Riforma del contratto collettivo per gli stagionali


Il lavoro in Italia ha detto - sconta regole e norme obsolete ed inadeguate al contesto attuale e alle mutate esigenze dei lavoratori, soprattutto giovani. Se una riforma della contrattazione collettiva è auspicabile, anche per integrare il tema del salario minimo, del trattamento dei periodi di disoccupazione o inoccupazione, questa è sicuramente necessaria per il settore stagionale che, per le sue peculiarità, è quello che più di tutti ha bisogno di regole differenti, più aderenti all'intensità e alla concentrazione dell'attività lavorativa in un arco di 4/5 mesi al massimo.  Tra il pubblico politici, associazioni di categoria e sindacali e i principali stakeholder del settore con l'intento di avviare un percorso comune che dia una prospettiva concreta al futuro del turismo delle spiagge venete.

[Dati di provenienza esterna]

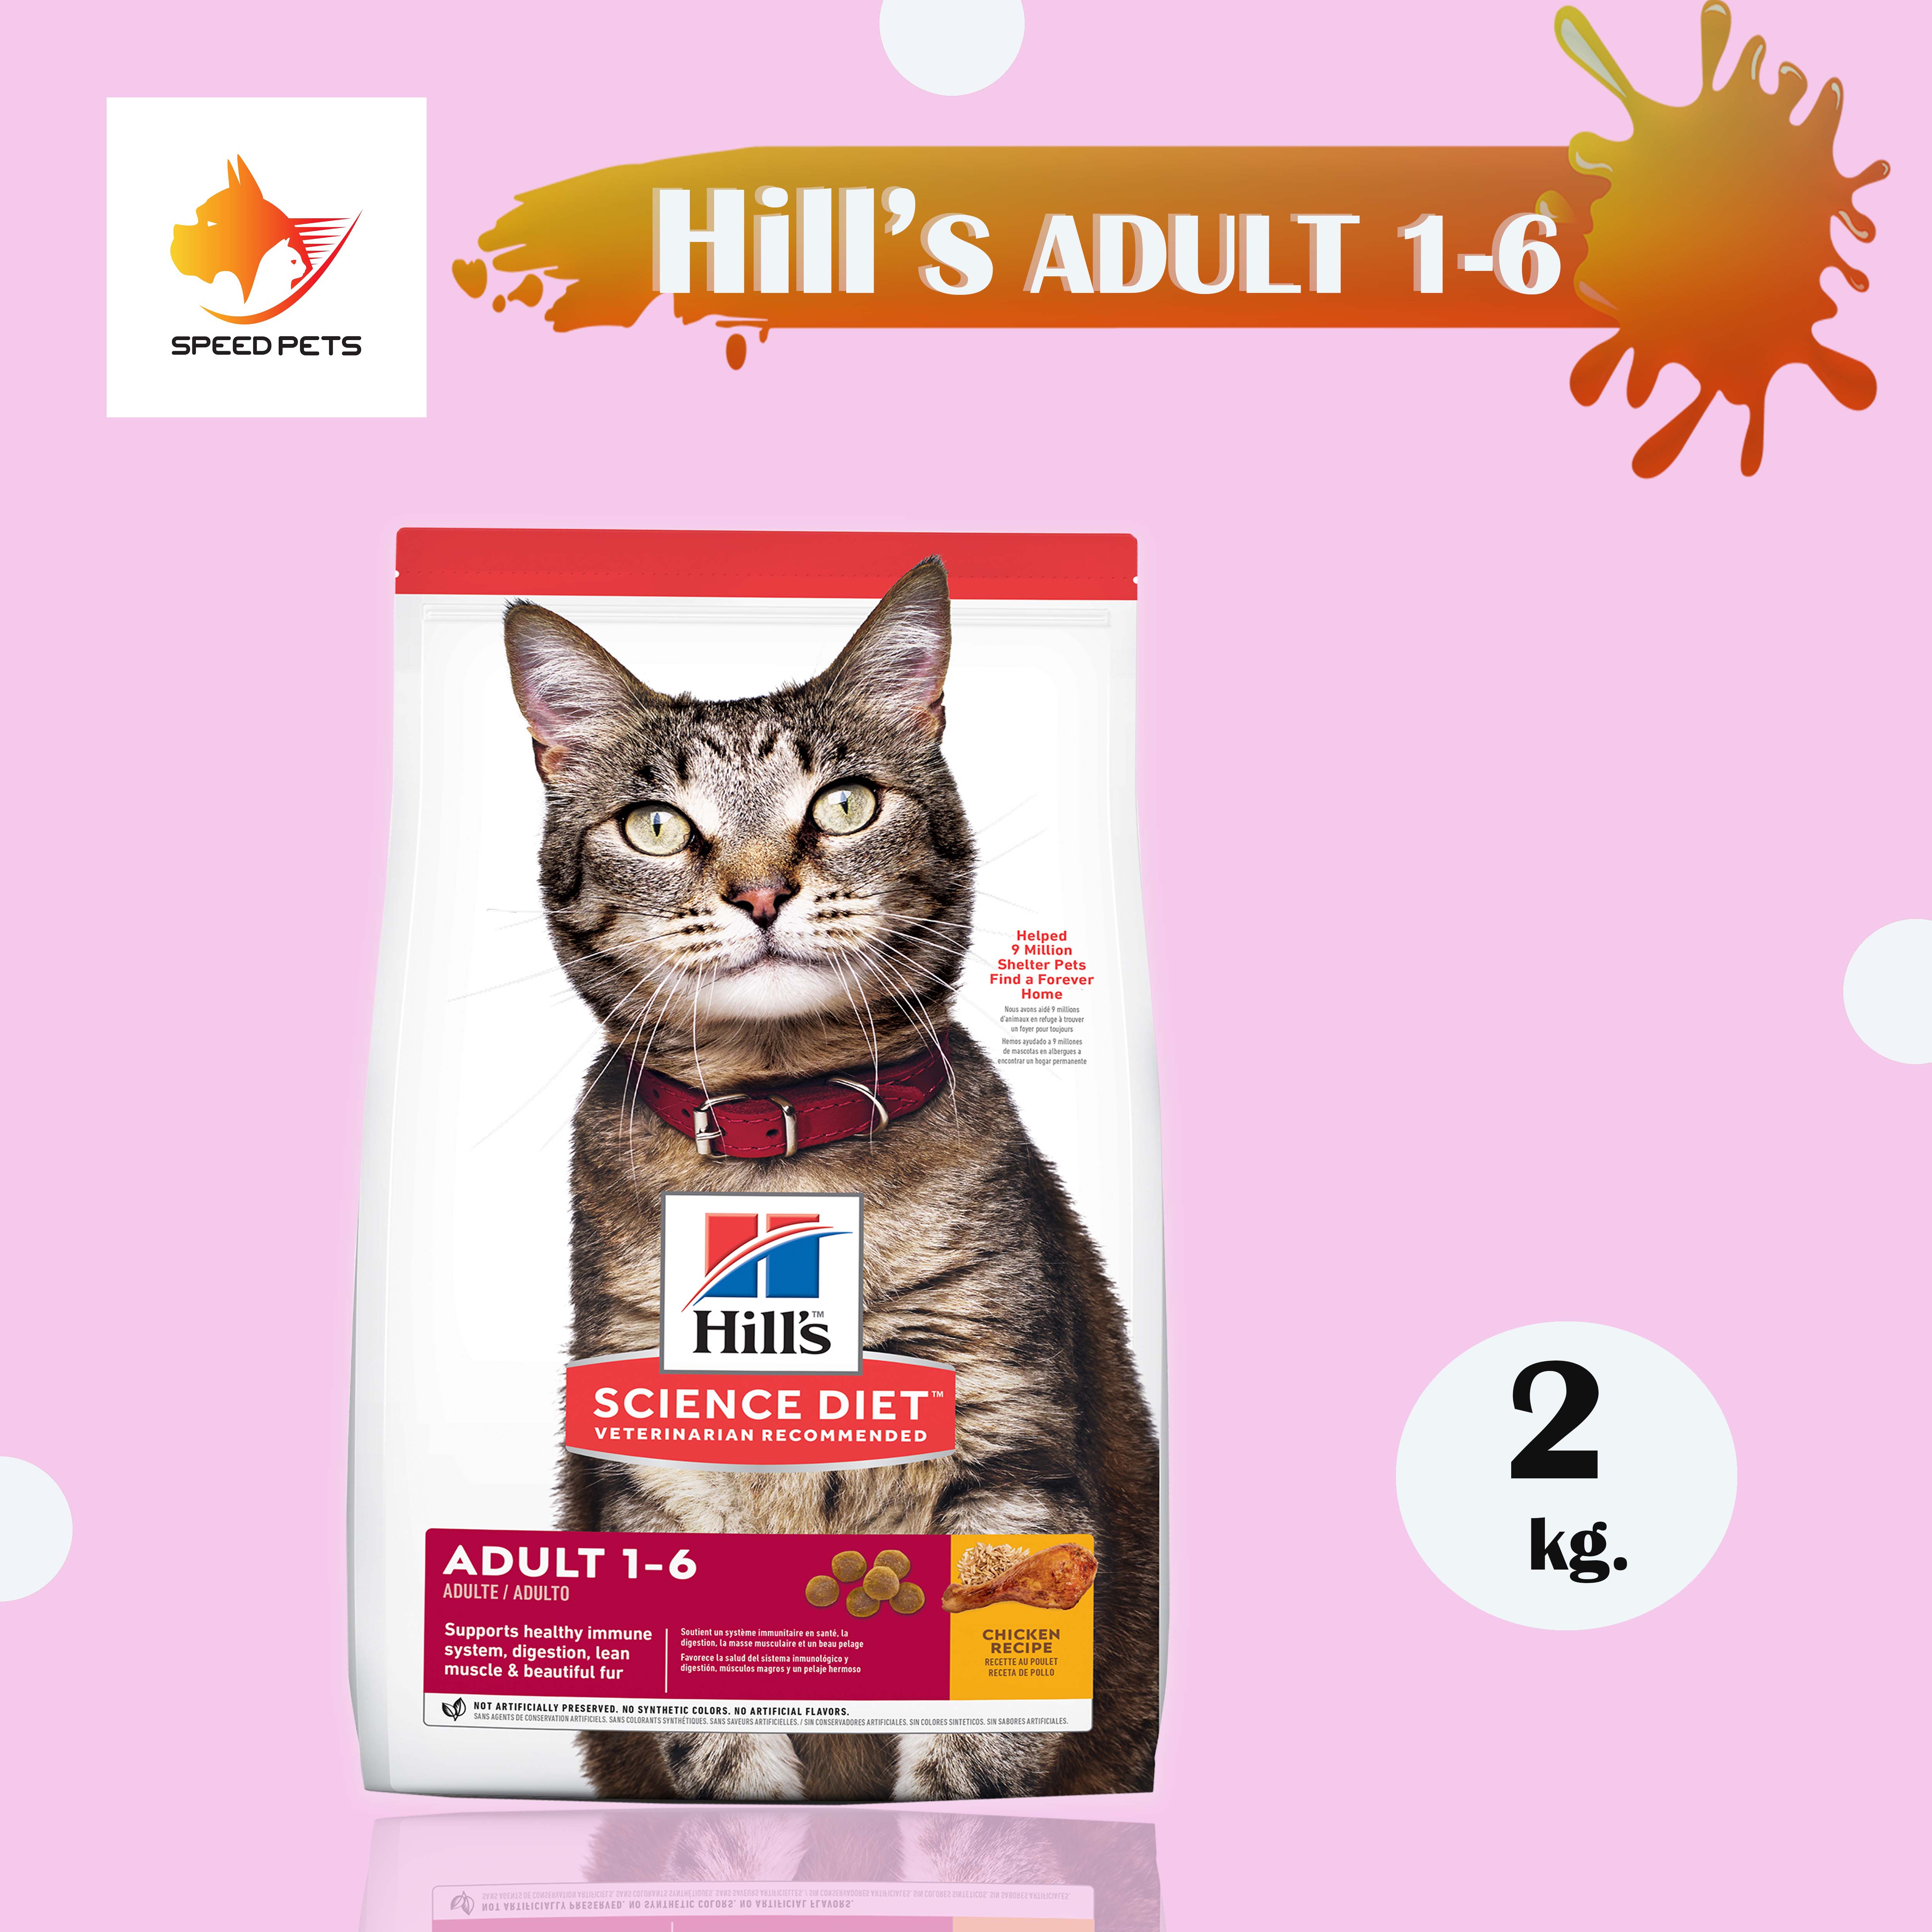 Hill's Science Diet Feline adult 1-6 Cat Food ฮิลล์ อาหารแมว อาหารแมวโต อายุ 1-6 ปี ขนาด 2 kg

L'evento si è aperto con i saluti del vicesindaco della città di Caorle, Luca Antelmo, che ha posto l'accento sul tema della cultura del lavoro e della formazione, un bagaglio valoriale da trasmettere ai figli. Poi è stato il turno dell'europarlamentare Rosanna Conte che ha messo in evidenza l'italianità del problema ed infine Nadia Zanchin, sindaco di Eraclea in rappresentanza della Conferenza sindaci Veneto orientale, che ha evidenziato la necessità di lavorare con le scuole. A Venezia  ha detto Tiziano Barone, direttore di Veneto Lavoro sono previsti 13 mila inserimenti lavorativi ma metà sono di difficile reperimento per ragioni demografiche o di competenze. Sul tema delle dimissioni, Veneto Lavoro attesta che sono cresciute ma entro cinque giorni le persone risultano nuovamente impiegate, mentre per quanto riguarda il reddito di cittadinanza in Veneto vale 10mila persone su 140mila disoccupati che è un numero irrilevante. 

Reddito di cittadinanza


Certamente il reddito di cittadinanza va cambiato, ma non è condizione patologica del lavoro nella nostra regione. Infine Barone ha sottolineato l'importanza per la categoria degli albergatori di esprimere chiaramente le proprie esigenze: Il tema del capitale umano non può essere più trattato in modo istintivo o fantasioso. Più attenzione anche agli Its, fondamentali nel contatto tra mondo della formazione e mercato del lavoro, e ai tirocini. Roberta Nesto, presidente della Conferenza dei sindaci del litorale e sindaco di Cavallino Treporti, ha sottolineato che i Comuni sono sensibili al tema tanto che è in programma la redazione di un documento formale con la collaborazione di tutti perché da soli non si va da nessuna parte: consulenti del lavoro, imprese, sindaci devono necessariamente fare rete. 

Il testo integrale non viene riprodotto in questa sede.